Jestem pełna podziwu!!!
Ja tez chcę!!!
Wersja do druku
Waszka!!!
Jestem pełna podziwu!!!
Ja tez chcę!!!
Ja jestem z siebie dumna z dwoch powodow:
1) nie waze sie od soboty i obiecalam sobie nastepne wazenie dopiero w sobote rano. Przynajmniej optymistycznie podchodze do diety. Oby ten 'sposob' cos dal :)

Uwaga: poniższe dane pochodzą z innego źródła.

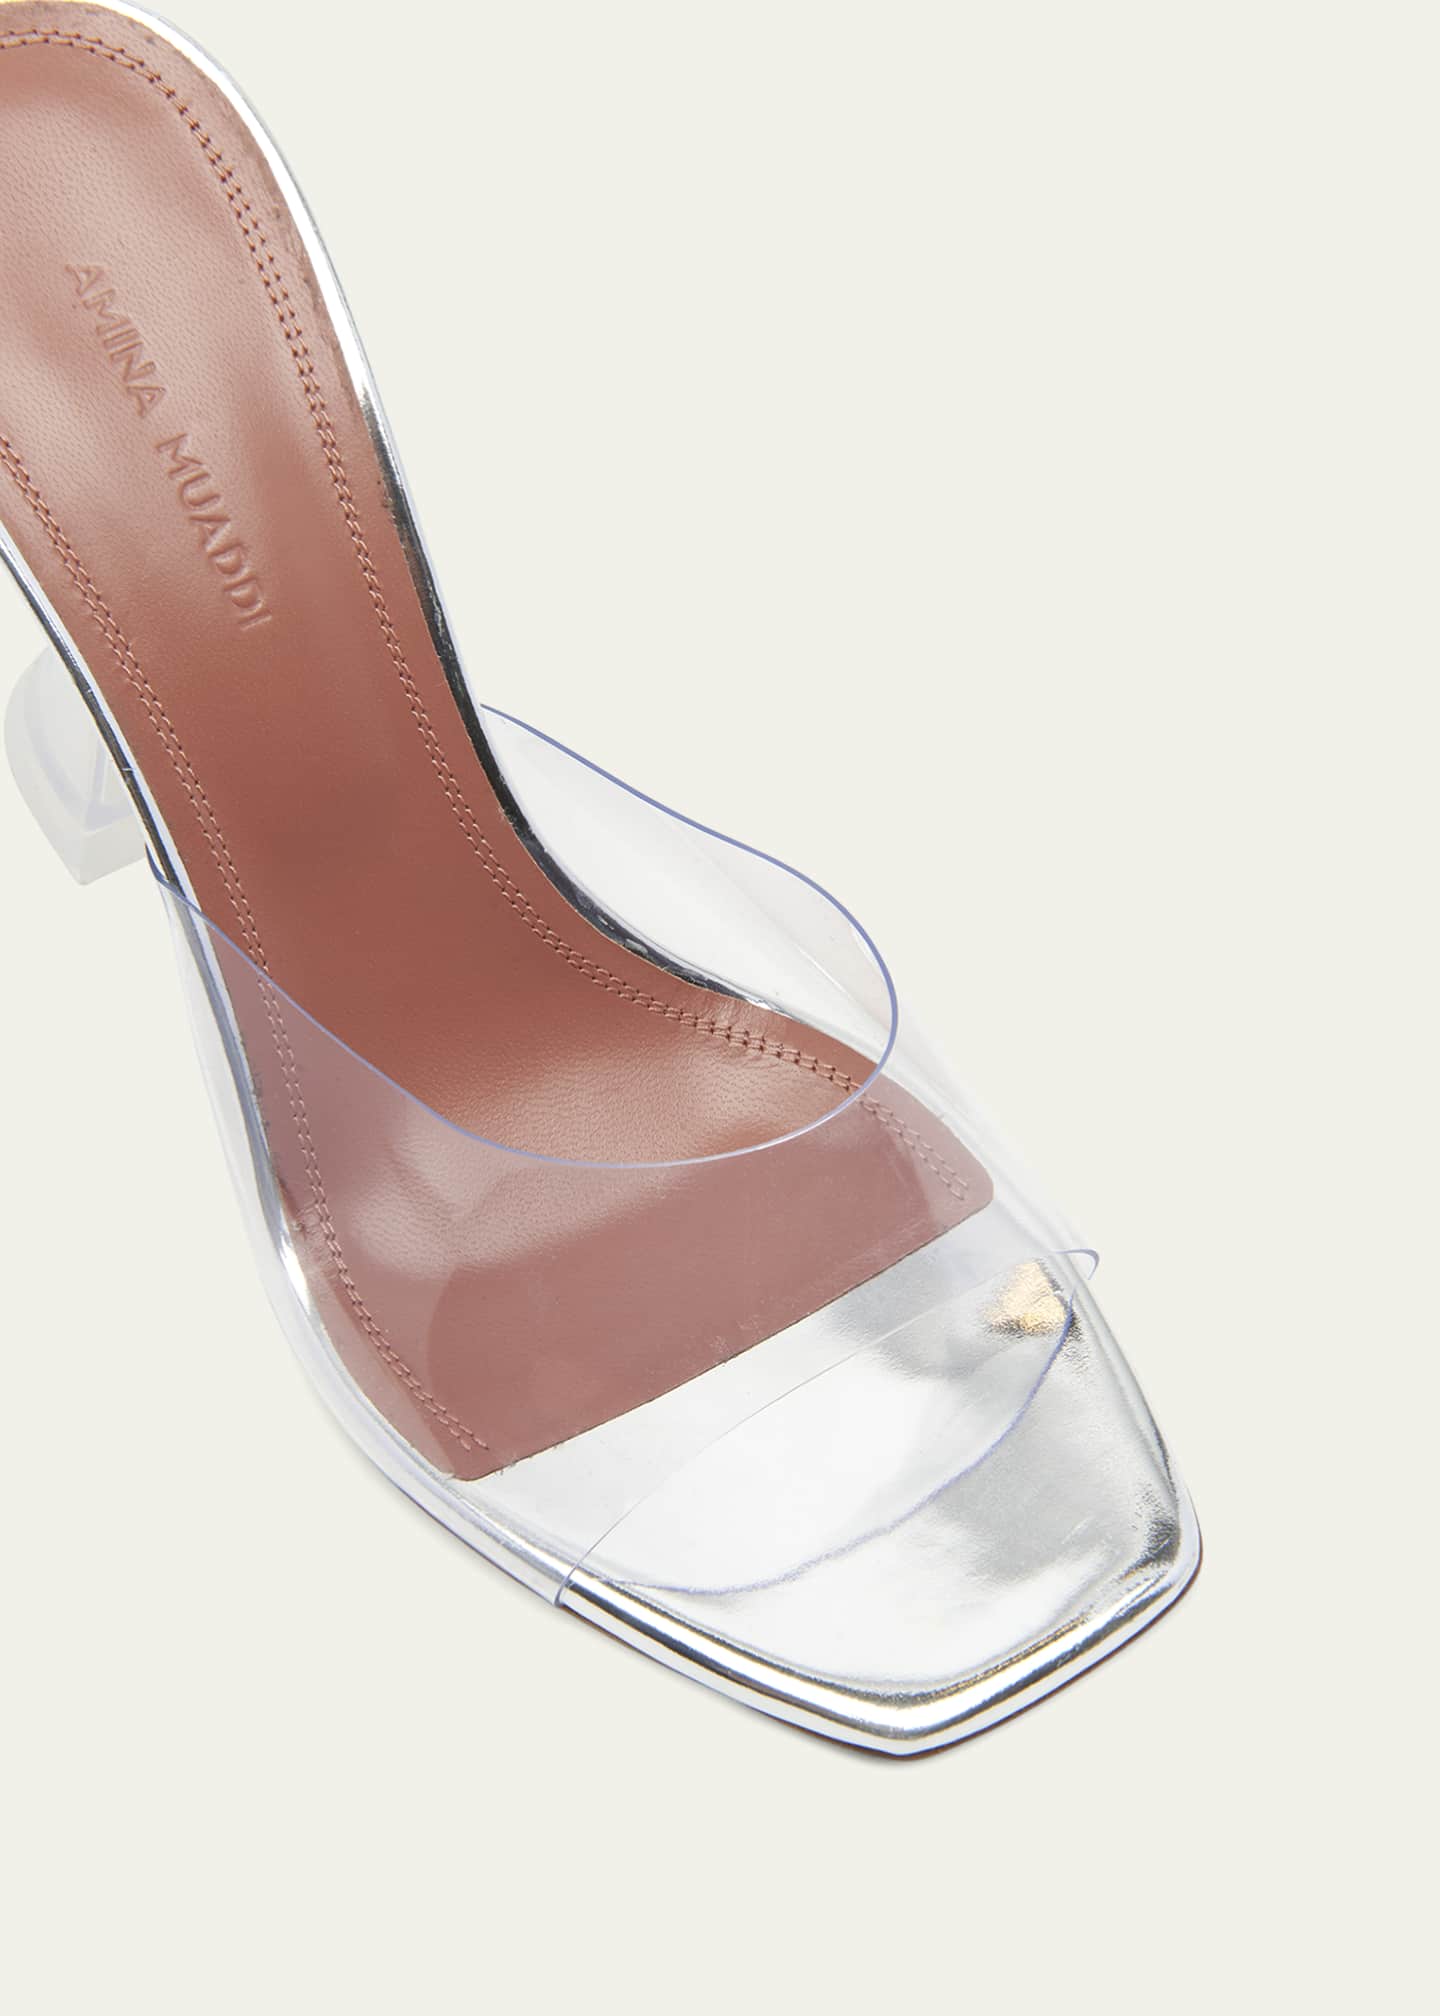 Amina Muaddi Lupita Glass Slide Sandals Image 5 of 5

2) wczoraj na glodniaka poszlam na zakupy, wiadomo -najgorsza porazka. Kupilam sobie gotowe spagetti. Przyszlam do domu z zamiarem wchloniecia tegoz, bo od rana zjadlam tylko 400kcal i stwierdzilam,z e spokojnie zmieszcze sie w tysiaku. I... nie zjadlam. Za to wsunelam groszek z puszki z jajkiem. Spagetti zjadlam dzisiaj na lunch - zawsze to organizm ma wiecej czasu do konca dnia na spalenie, niz gdybym zjadla to wczoraj na kolacje. A tak dzisiaj wsune jeszcze tylko jakas salate i jedna kromeczke wasy i bedzie good :)
:)
No, ja dziś na trzech tostach z pieczarkami. Potem skromny obiadek (pierś z kurczaka) i kolacja ... nie wiem co:)

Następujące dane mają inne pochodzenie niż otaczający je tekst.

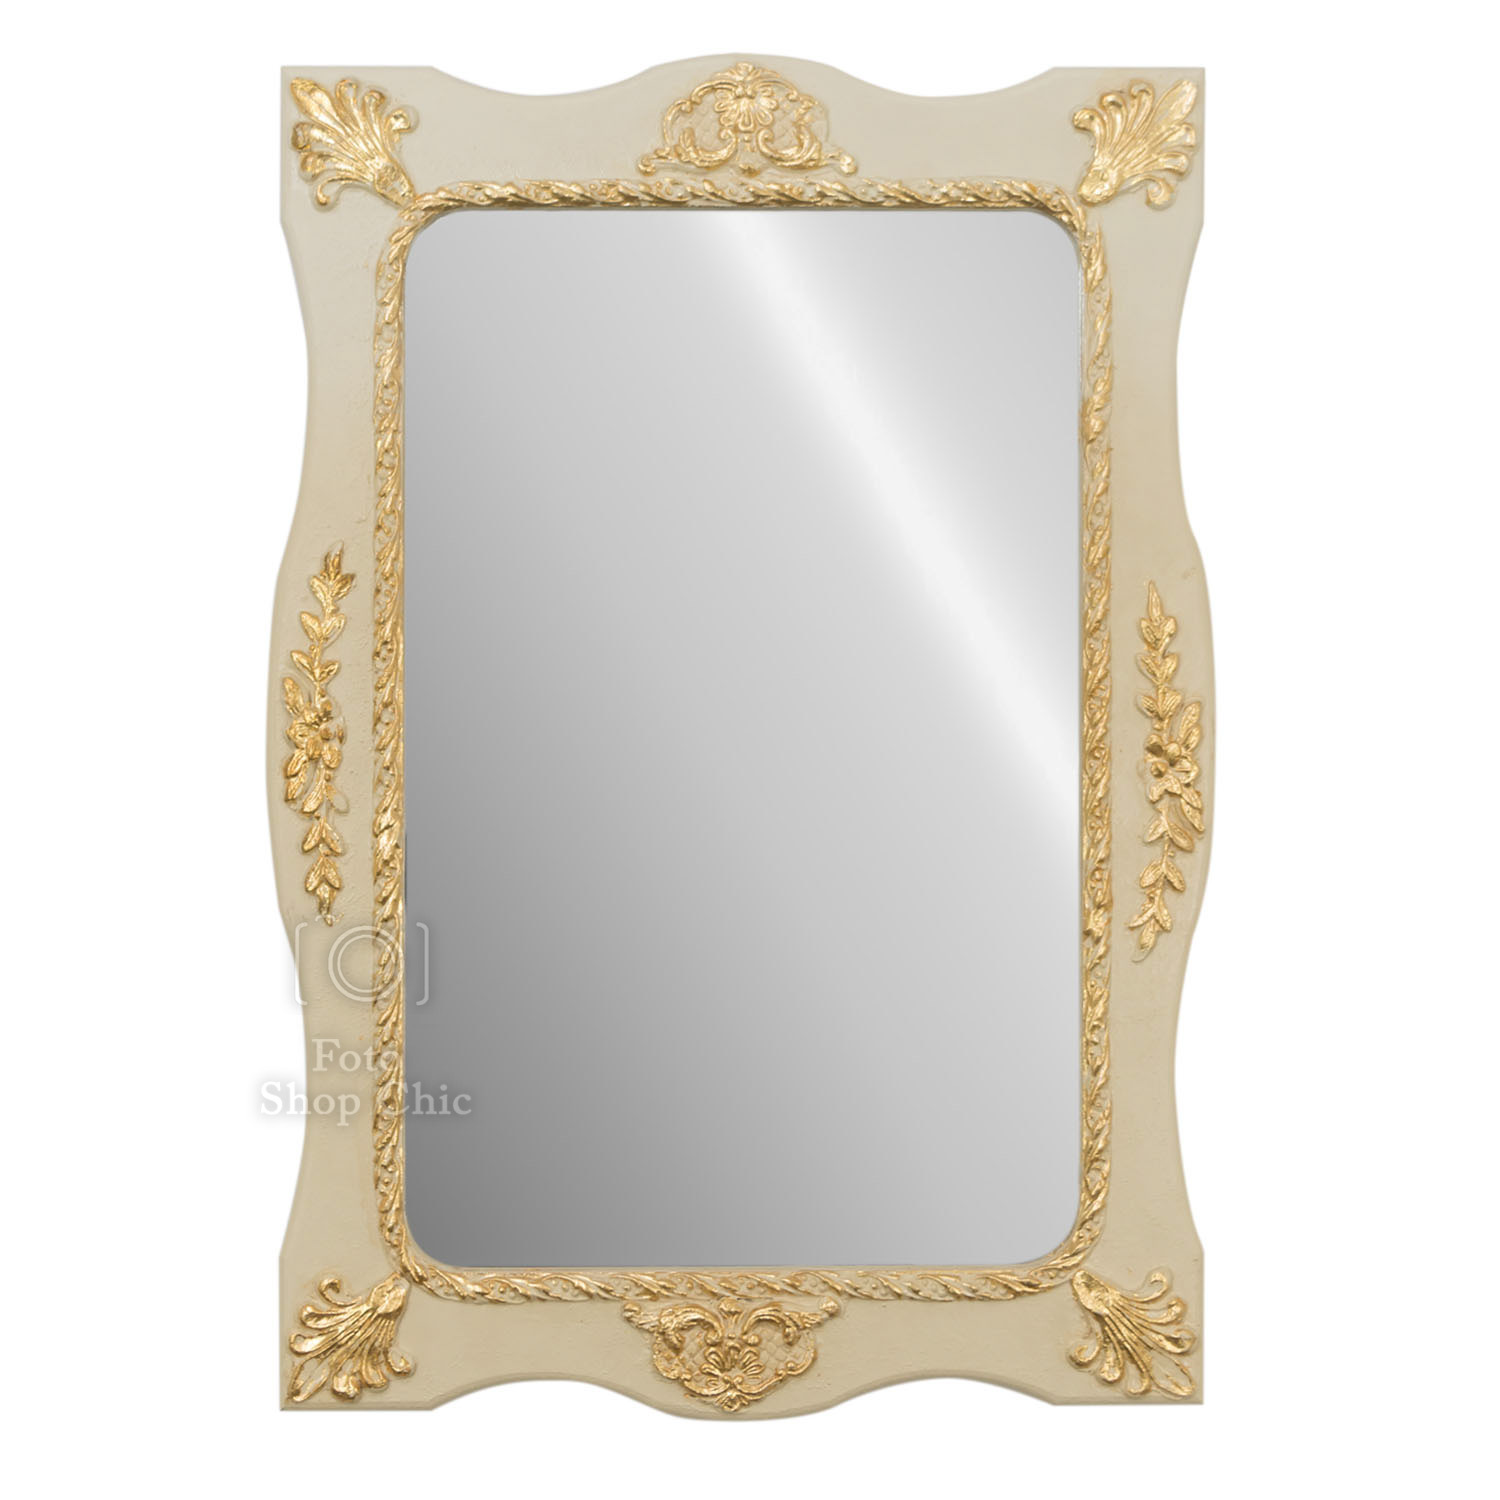 Grande specchio in stile barocco in legno dorato

ziutkaa jestem z Ciebie dumna :!: :D oby tal dalej, a juz niedlugo ta wspaniala obcisla sukienka bedzie na Tobie wygladala bombowo :)
caly czas trzymam mocno kciuki :) buziaki
Dzieki giovanina :) Dalej sie nie waze, mam optymistyczne nastawienie i staram sie grzecznie trwac na diecie :)
haha
A ja i tak dalej codziennie się ważę. Dzis waga pokazała 69,9 :lol:
Wiesz, ze ja sie ciesze jak głupek? Bo dawno już z miesiąc, waga nie zeszła poniżej 70. A na kolacje po aquaerobicu pojadałam sobie. Dietetycznie lecz jednak:)0,5 kg fasolki żółtej szparagowej, pycha:) Na dzisiaj mam bób na kolację:)
Heh kiedys mialam obsesje na punkcie wazenia sie - codziennie teraz pochodze do tego z dystansem wiadomo ze nie ma diety cud :? (szkoda) A teraz nawet nie wiem kiedy sie zwaze bo nie mam wagi wiec obsesja prawde mowiac sama przeszla (pytanie tylko na kogo) :wink: Teraz staram sie trwac w diecie i cwiczyc bo zauwazylam ze cwiczenia to naprawde WAŻNA SPRAWA :!:
To prawda z tym wazeniem - nie mozna przesadzac, bo nie zawsze to pomaga.. Ja na przyklad wole sie nie wazyc chwilowo, bo waga wciaz nie spada ponizej tych nieszczesnych 69, mimo wyraznych efektow "objetosciowych" :D Wiec po co mam sie dolowac? ;)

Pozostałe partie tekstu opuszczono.